Enver Paşa ile birlikte; Tobruk, Derne, Bingazi çöllerinde savaşır. Askerler aç ve susuzdur. Su bulamadıkları zaman, deve kesip, devenin hörgücündeki suyu içtikleri çok olmuştur. İtalyanların erzak depolarını basıp, asker için erzak çalarlar. Gece karanlığında görünmemek için çırılçıplak soyunup, baskınlarını öyle yaparlar. O baskınlar sırasında kaç İtalyan öldürdüğünü kendisi de bilmezdi. Yakaladıkları İtalyan’ları ensesinden kesip, sonra da yaktıklarını anlatırdı. “İnsan öldürmenin en kolay yolu, ensesinden kesmektir” derdi. İtalyanlar kendisini gıyabında 7 kez idama mahkum eder, ama onu yakalayamazlar.

Hidiv Sarayı’nın bando sanatçısı, ince ruhlu müzik adamı, amansız bir çete reisi olup çıkmıştır.

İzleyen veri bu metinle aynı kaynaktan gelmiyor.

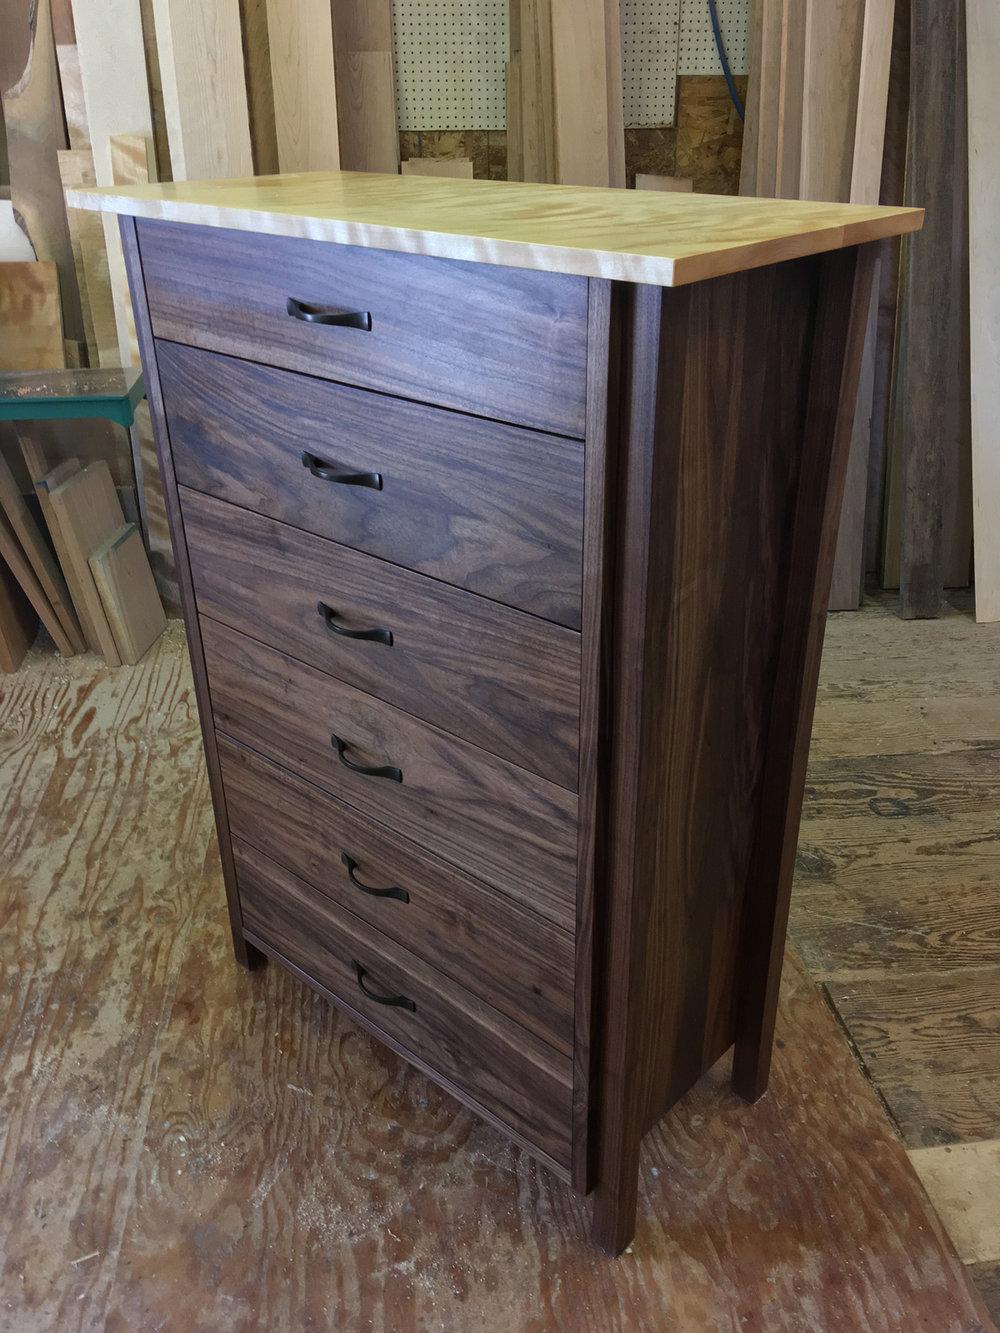 A flamed birch top on a 6 drawer walnut dresser.

Bu arada Enver Paşa’yı çok severdi. Hatta bir gün çadırda sohbet ederlerken, Paşa “Beni gerçekten sever misin Giritli?” diye sorar. O da “çok severim Paşam” der. Paşa “Nereden anlayacağım sevdiğini” diye sorunca A.Cemalettin : “Bir oğlum olursa, adını Enver koyacağım” diye cevap verir. Bu söz üzerine Enver Paşa, “Ohooo, sen bu deli kafayla, bu savaştan sağ çıkacaksın, evleneceksin, oğlun olacak ve adını Enver koyacaksın, öyle mi? Hadi canım sen de” diye güler. Ama aradan yıllar geçer, A.Cemalettin İstanbul’da evlenir, bir oğlu olur ve adını Enver koyar. O sıralar Enver Paşa, Harbiye Nazırı (Genel Kurmay Başkanı) dır. Enver’i alıp, paşa’nın makamına gider. “İşte Paşam” der. “Oğlum Enver!” Paşa çok duygulanır ve bebeğe bir beşi bir yerde takar. Ama A.Cemalettin bir daha Paşa’ya görünmez. O siyaset için değil, vatanı için savaşmıştır. Savaş bittikten sonra da hiçbir makam, maaş veya madalya istememiştir. Ölene kadar sürdüğü mütevazı yaşamını sadece müzik ile kazanır. Savaşçı ruhunu ise 75 yaşına kadar sürdürdüğü av tutkusu ile tatmin eder.

Evliliği

Ahmet Cemalettin İstanbul’a döndükten sonra , o zamanın eğlence merkezi olan Direklerarası’nda müzisyen olarak çalışmaya başlar. Zayıf, uzun boylu, derin bakışlı masmavi gözleri olan yakışıklı bir delikanlıdır. Zamanın ünlü kantocularının çoğu kendisine aşıktır. Hatta bir tanesi birlikte yaşamayı teklif eder, ama o sarayda geçen yıllarında lükse doymuştur ve kabul etmez. Bir gece, tiyatro seyircileri arasında gördüğü bir kıza tutulur. Kız, orkestra arkadaşı Nazmi Bey’in mahallesinden Öjeni isimli bir Yahudi kızıdır. Nazmi ile kıza haber yollar ve Müslüman olursa, kendisiyle evlenmek istediğini söyler. Öjeni kabul eder. Birlikte Şeyhülislam’a giderler, Öjeni Müslüman olur ve Nimet adını alır.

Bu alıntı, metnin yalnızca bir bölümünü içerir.